## WORK TO COMPLETE
Line by line, output everything from the one that contains "Dimplex VCX1525-WH owner" through the end of the material below, exactly as written and with no pictures.

## DATASET CONTENT
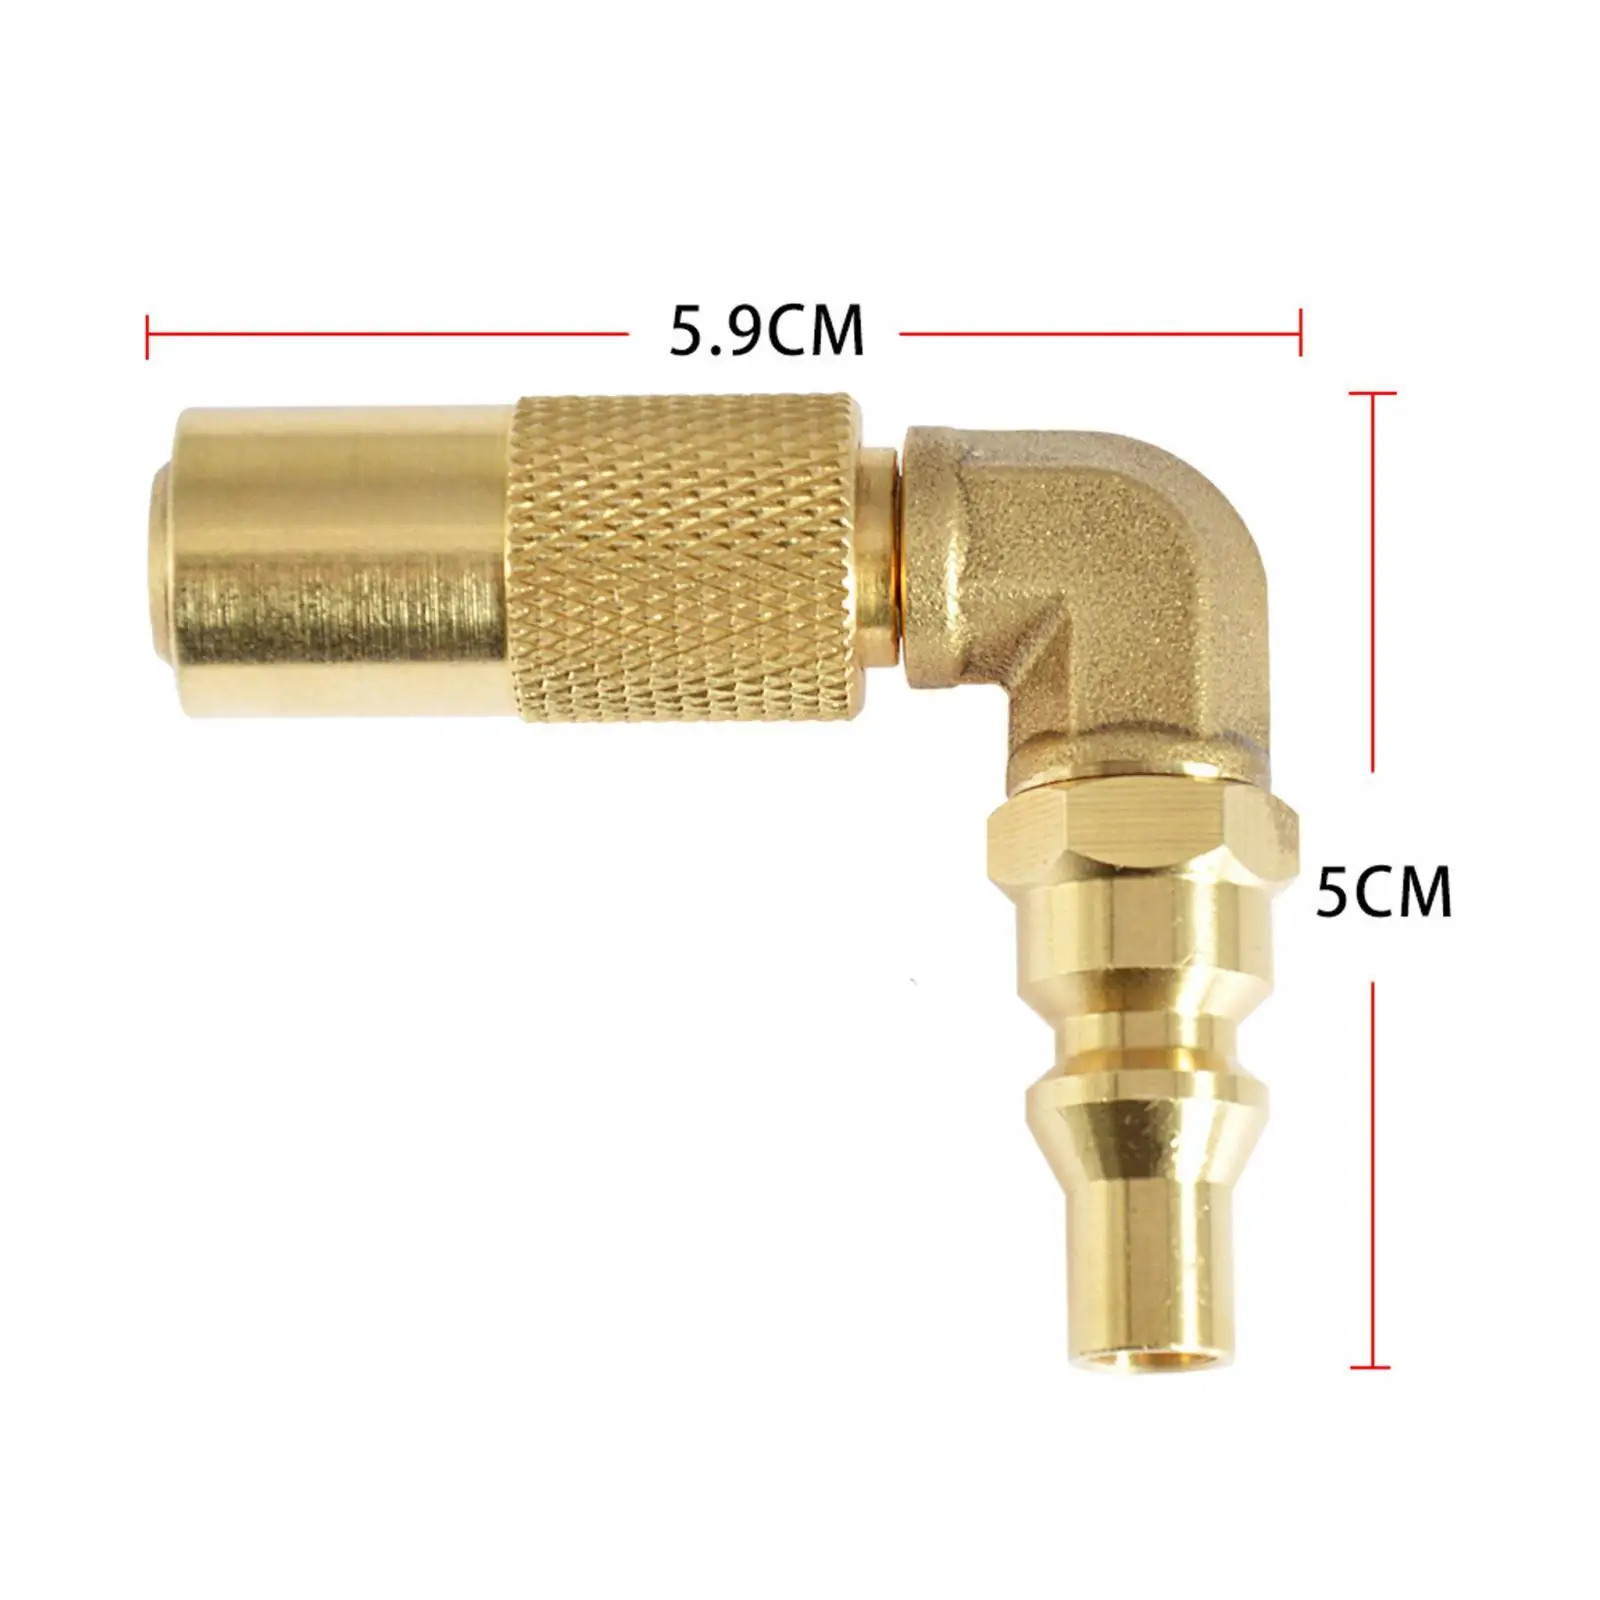 1/4` RV Quick Connect Adapter Conversion Fitting Elbow Brass Propane Gas Propane Elbow Adapter for Grill RV BBQ Trailer Camping
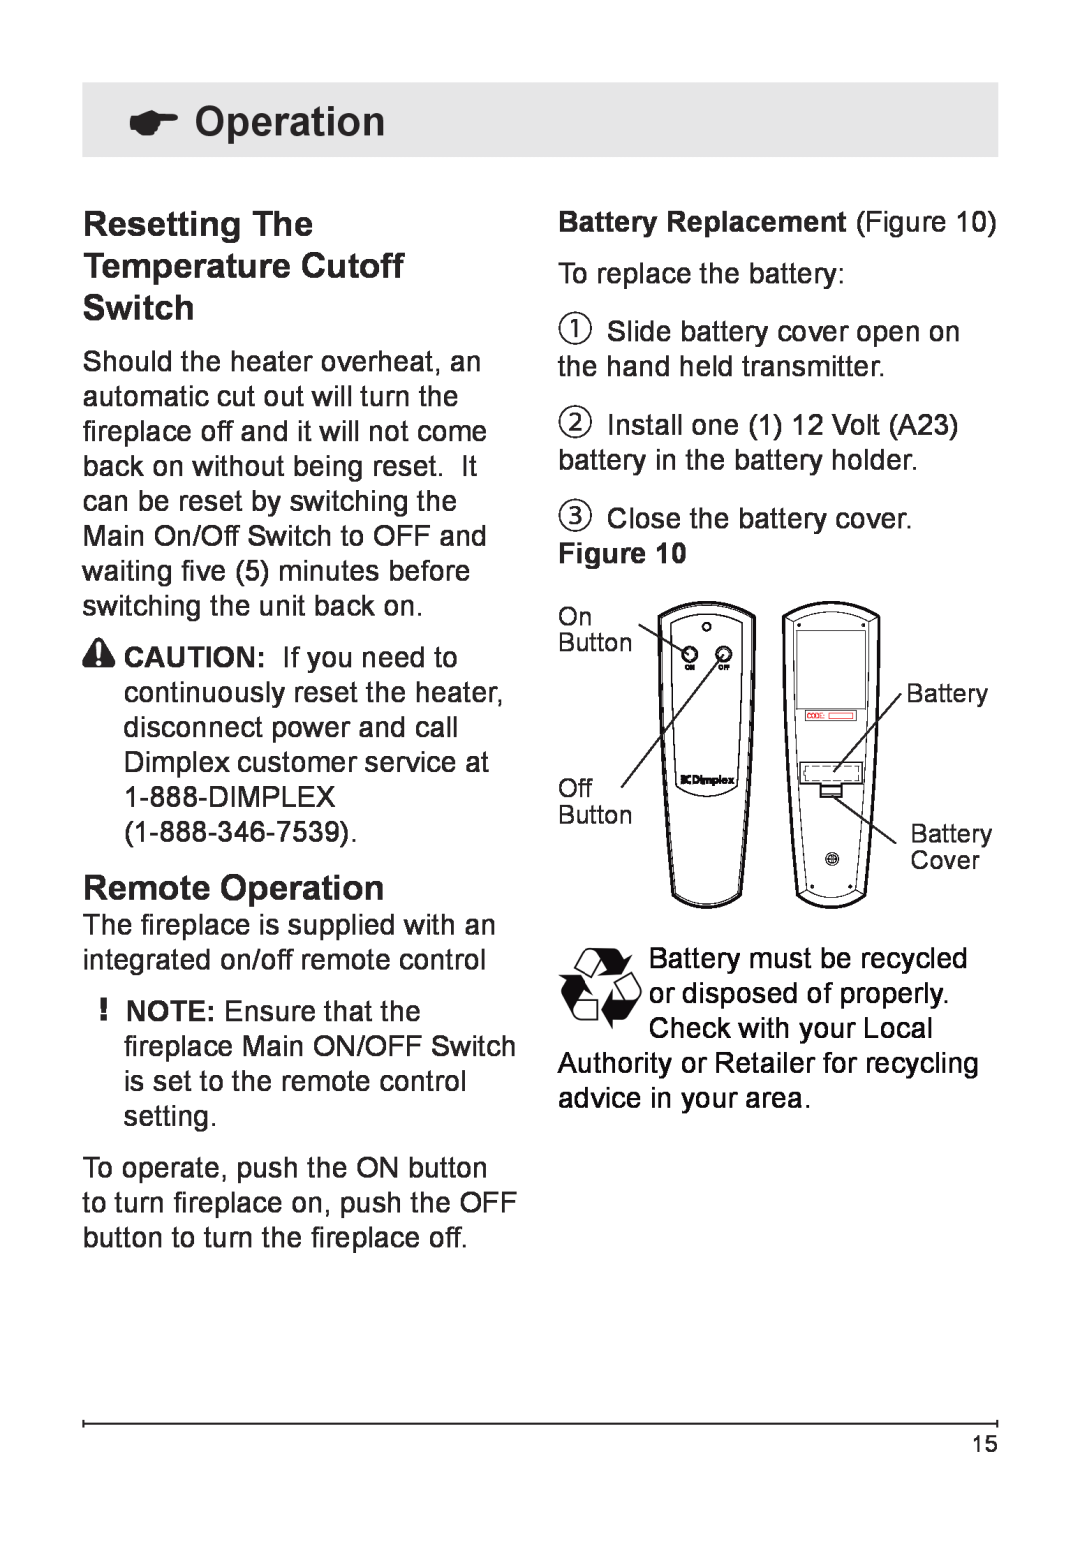 Dimplex VCX1525-WH owner manual Resetting The Temperature Cutoff Switch, Remote Operation, Battery Replacement Figure 
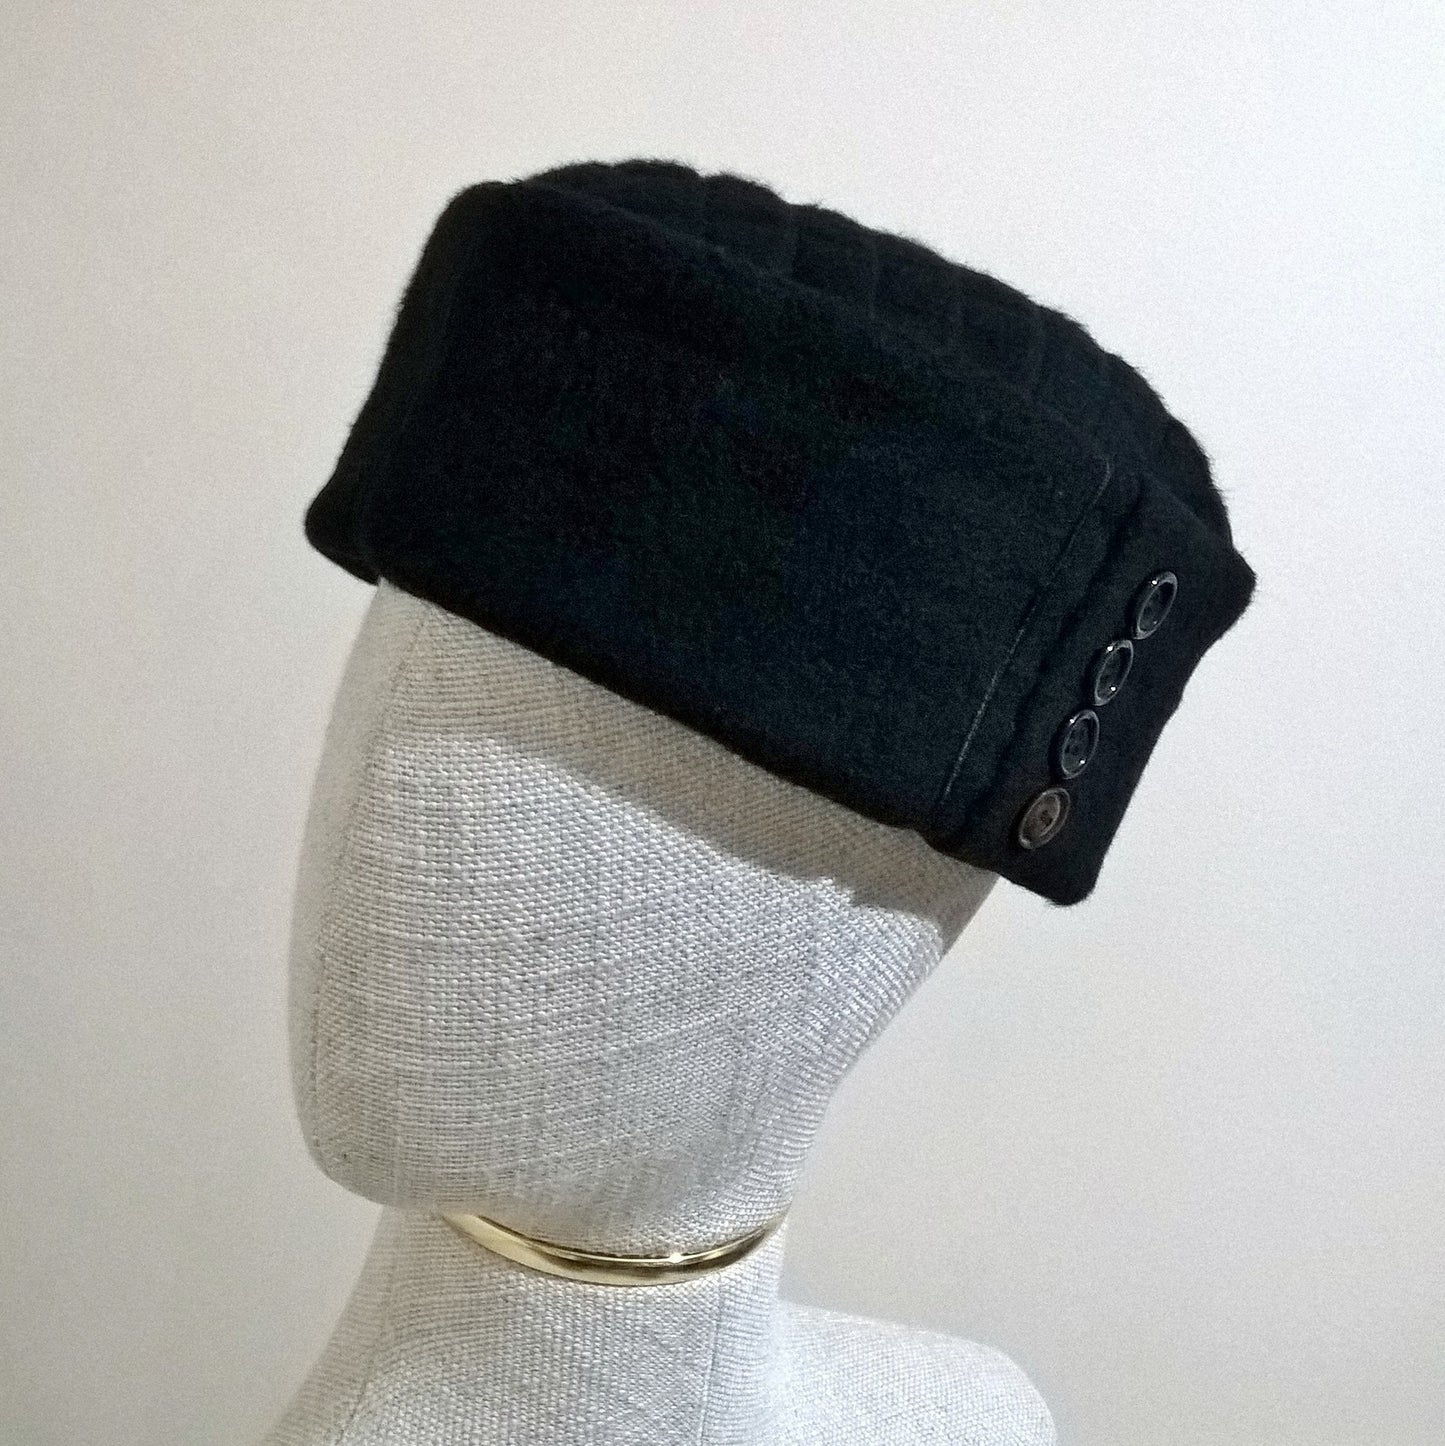 Black cashmere pillbox cap with button detail on crown

## RESPONSE TO THE EXERCISE
 Dimplex VCX1525-WH owner manual Resetting The Temperature Cutoff Switch, Remote Operation, Battery Replacement Figure 
 Black cashmere pillbox cap with button detail on crown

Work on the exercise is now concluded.